- Born: September 6, 1935 Mayfield, Kentucky, U.S.
- Died: November 21, 2011 (aged 76) Hendersonville, Tennessee, U.S.
- Genres: Country, fingerstyle
- Occupation: Guitarist
- Instrument: Guitar
- Years active: 1955-2011
- Formerly of: The Louvin Brothers

= Paul Yandell =

Paul Yandell (September 6, 1935 – November 21, 2011) was an American guitar player from Mayfield, Kentucky. Yandell played fingerstyle, a style he learned to play from his neighbors, influenced by Chet Atkins and Merle Travis. In 1955 he was hired by The Louvin Brothers and performed and recorded with them. From 1959 to 1961 he served in the US Army and on his return was a touring musician with Kitty Wells, Johnnie Wright, George Hamilton IV, and Jerry Reed.

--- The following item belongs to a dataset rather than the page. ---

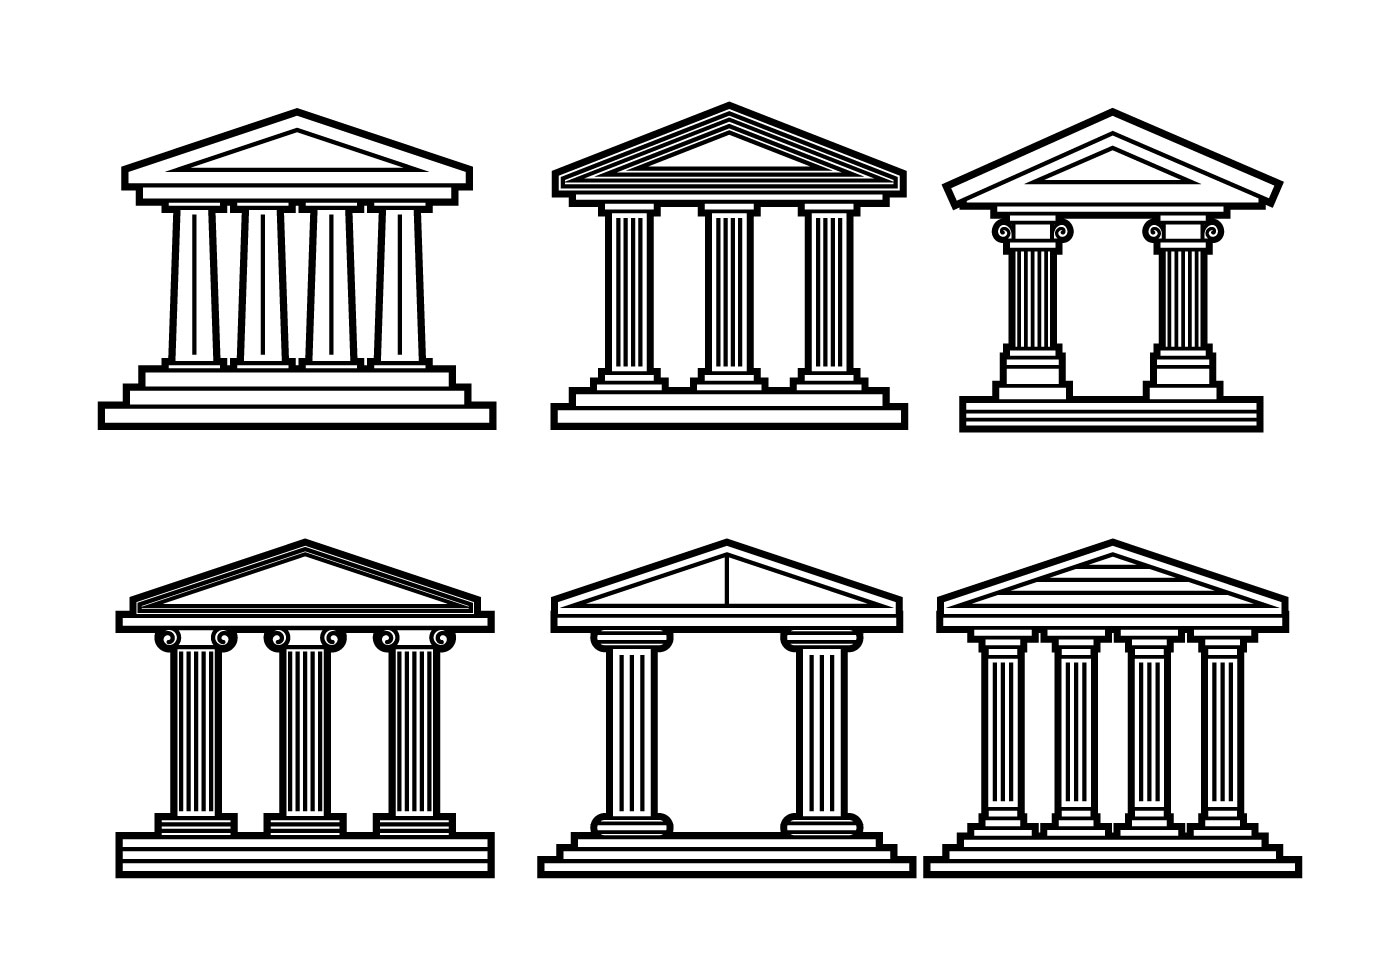 Roman Pillar Vector - Download Free Vector Art, Stock Graphics & Images

From 1975 until the late 1990s, Yandell worked with Chet Atkins doing shows, recordings, and TV appearances, and produced an instructional video called Fingerstyle Legacy. After Atkins died in 2001, Yandell recorded seven CDs and was a consultant for guitars for Gretsch, most notably the limited edition stereo version of the Gretsch 6120, a model used by Atkins in the 1950s. He died in Hendersonville, Tennessee, of cancer, at age 76.

In 2011, Atkins' daughter Merle Atkins Russell bestowed the light-hearted Certified Guitar Player degree on Yandell. She then declared no more CGPs would be allowed by the Atkins estate.